From the first line to the last, give the records again exactly and skip the pictures.

Stored items
= Beginning of Section =
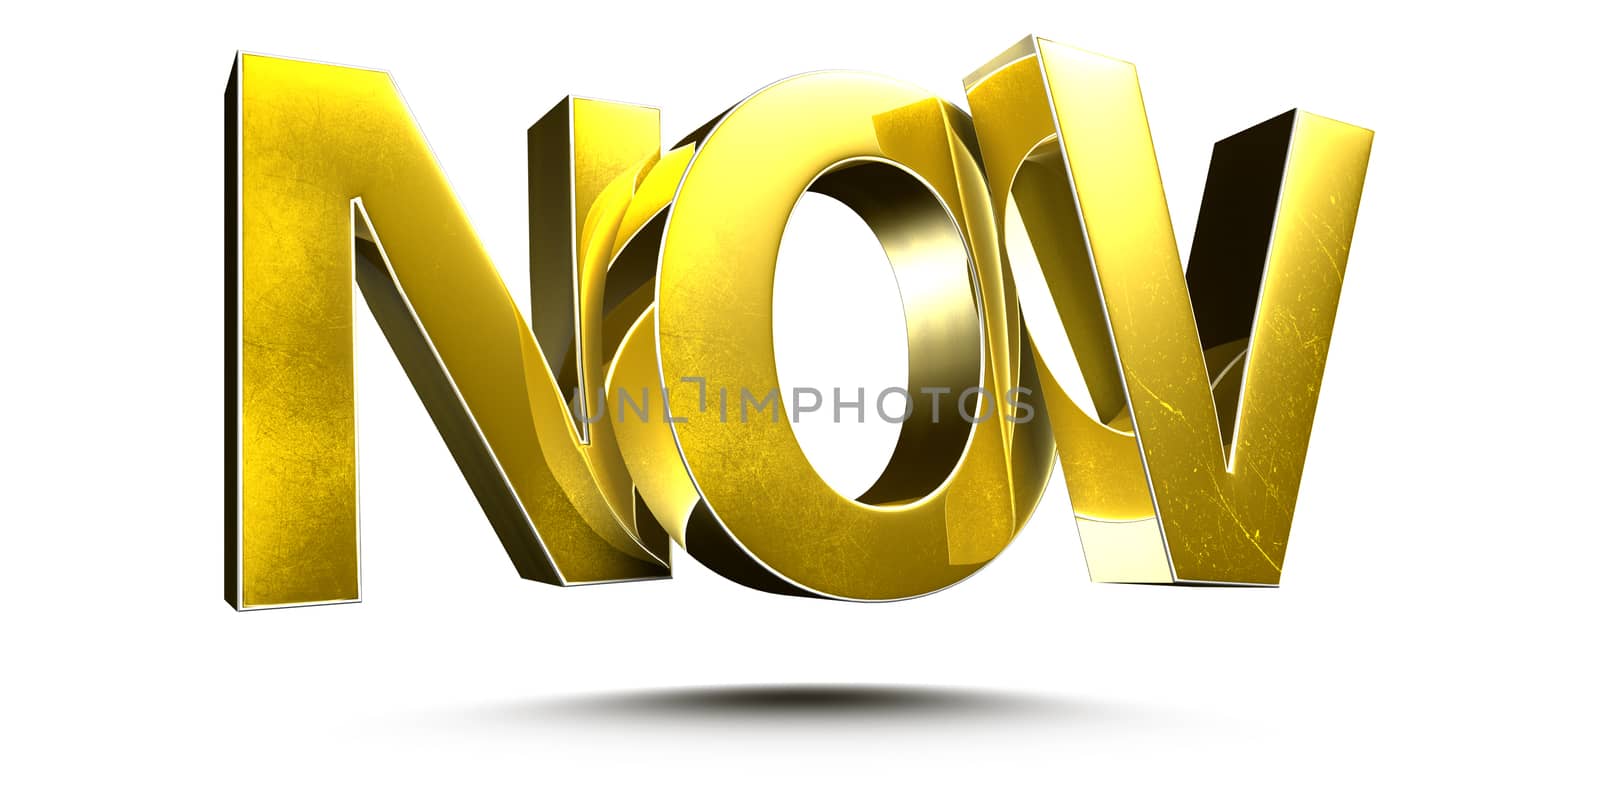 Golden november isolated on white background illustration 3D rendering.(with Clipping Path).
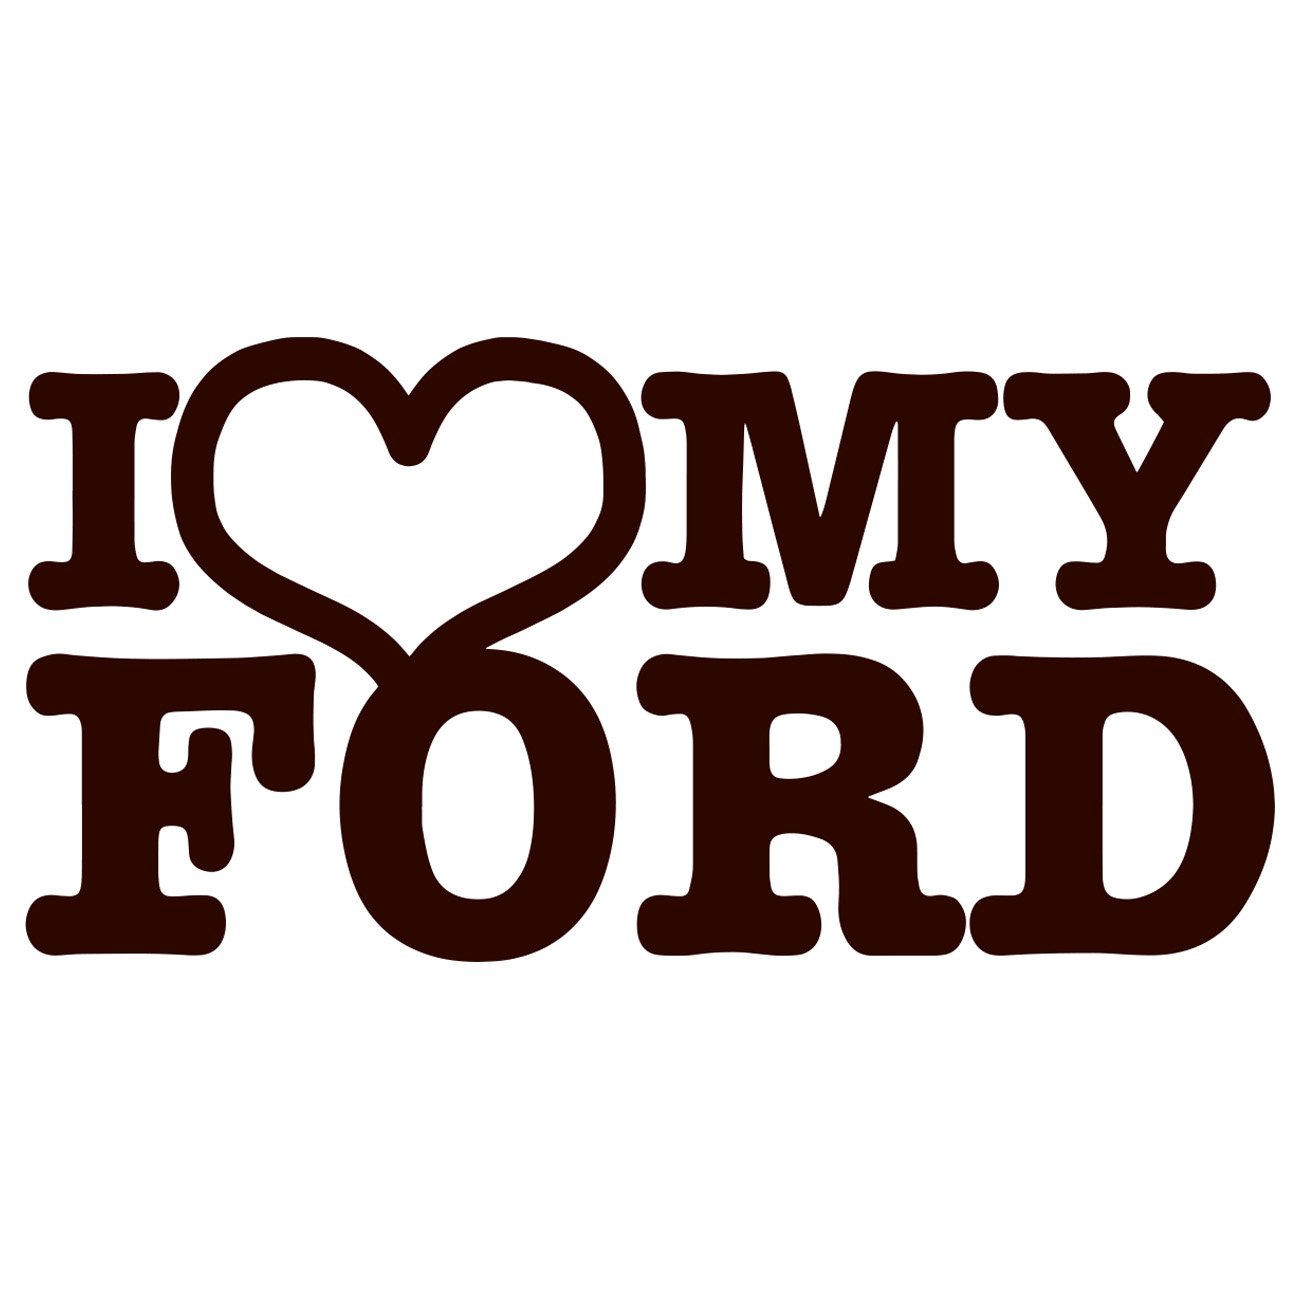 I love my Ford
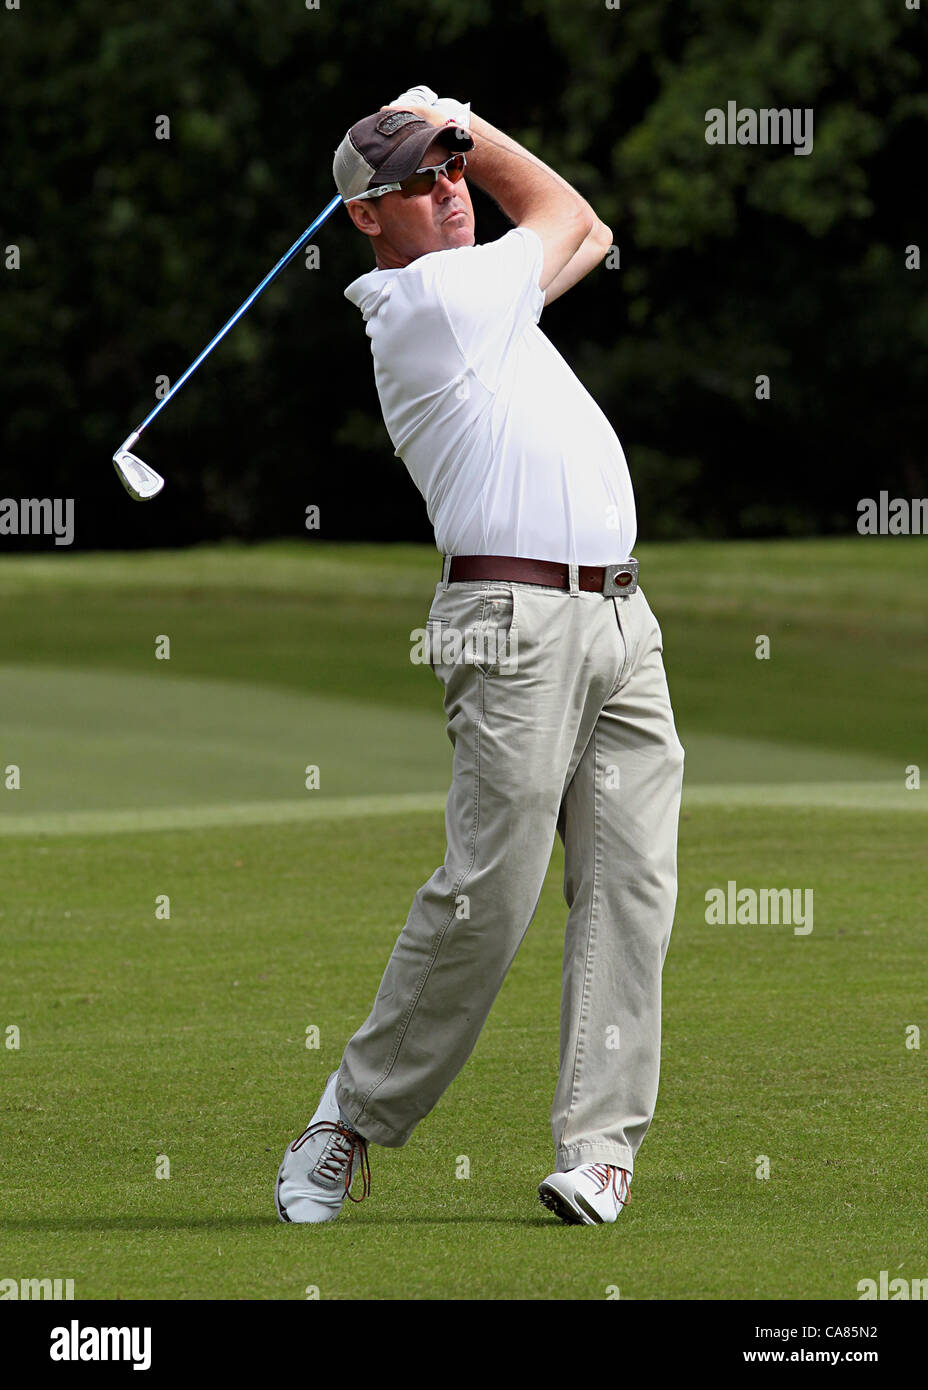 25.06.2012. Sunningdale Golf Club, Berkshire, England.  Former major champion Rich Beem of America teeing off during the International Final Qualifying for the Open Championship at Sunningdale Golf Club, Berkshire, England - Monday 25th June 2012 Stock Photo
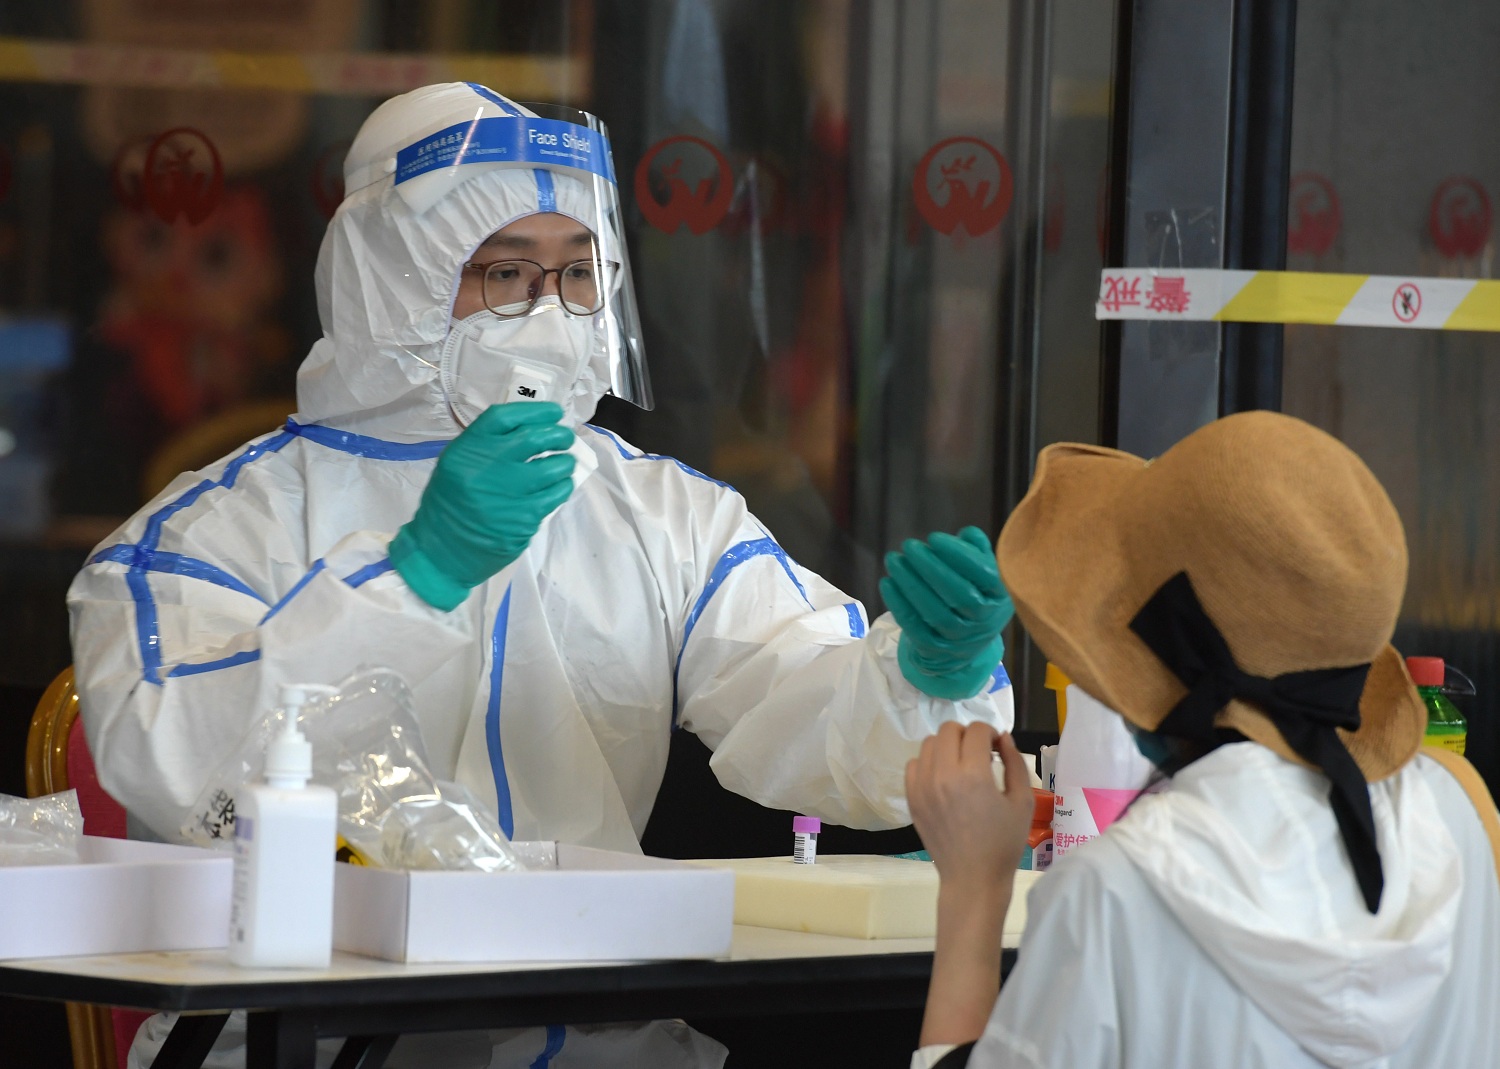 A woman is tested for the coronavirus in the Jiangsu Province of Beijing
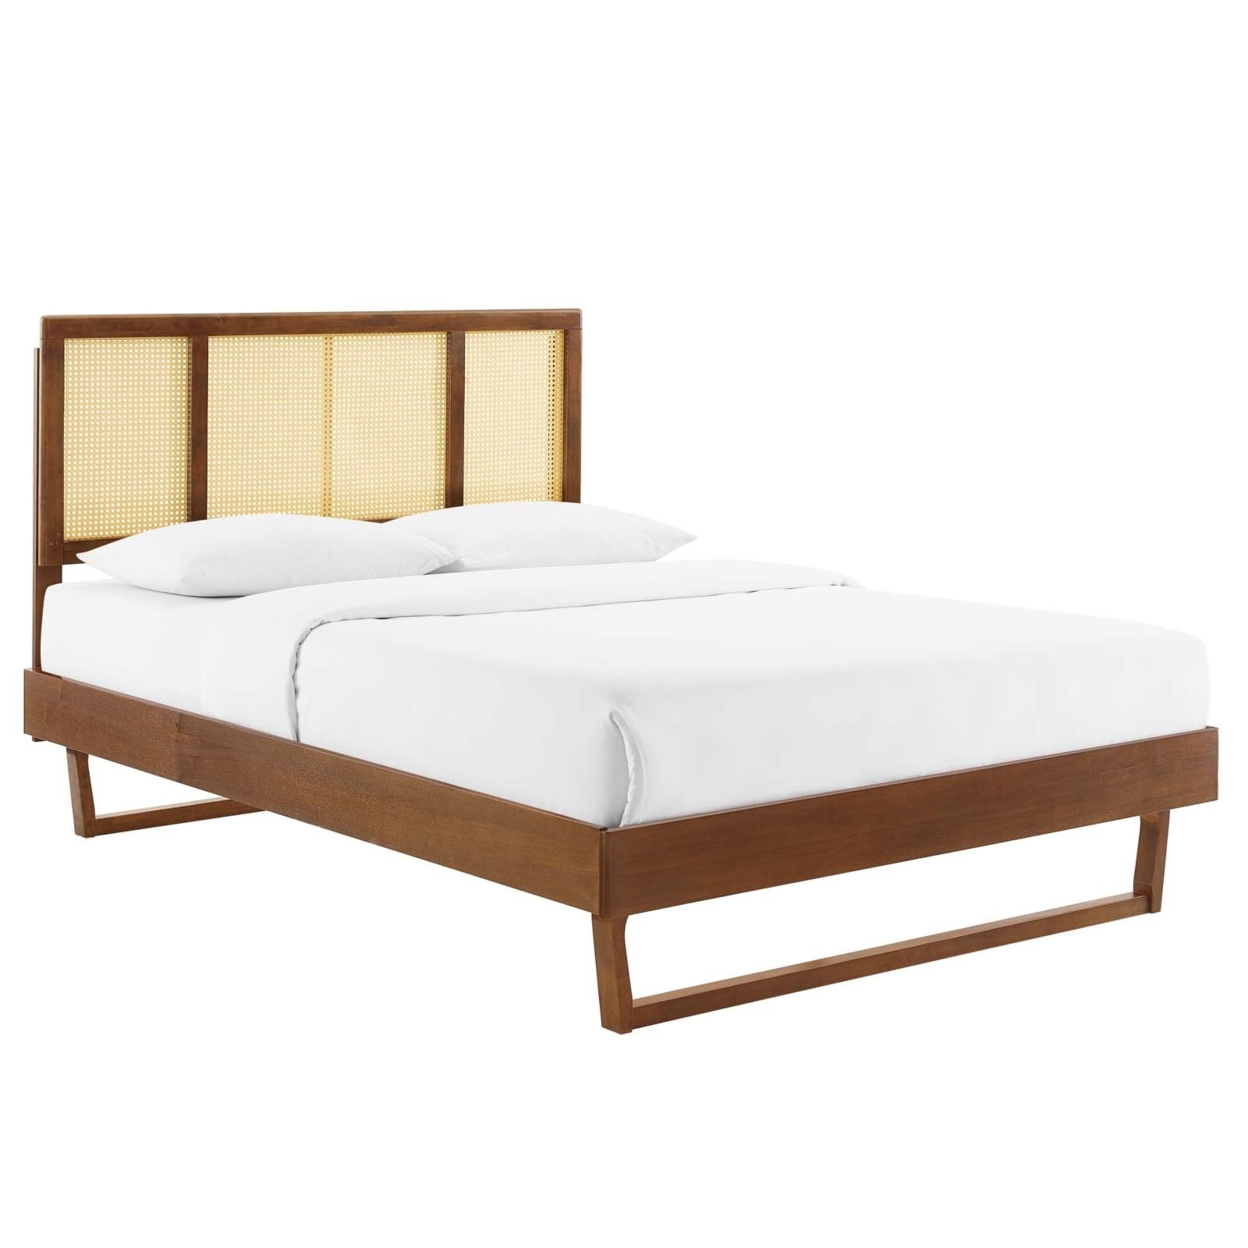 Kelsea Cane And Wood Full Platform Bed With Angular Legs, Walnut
= End of Section =
▶ [Exercise response]
 Golden november isolated on white background illustration 3D rendering.(with Clipping Path).
 I love my Ford
 25.06.2012. Sunningdale Golf Club, Berkshire, England.  Former major champion Rich Beem of America teeing off during the International Final Qualifying for the Open Championship at Sunningdale Golf Club, Berkshire, England - Monday 25th June 2012 Stock Photo
 A woman is tested for the coronavirus in the Jiangsu Province of Beijing
 Kelsea Cane And Wood Full Platform Bed With Angular Legs, Walnut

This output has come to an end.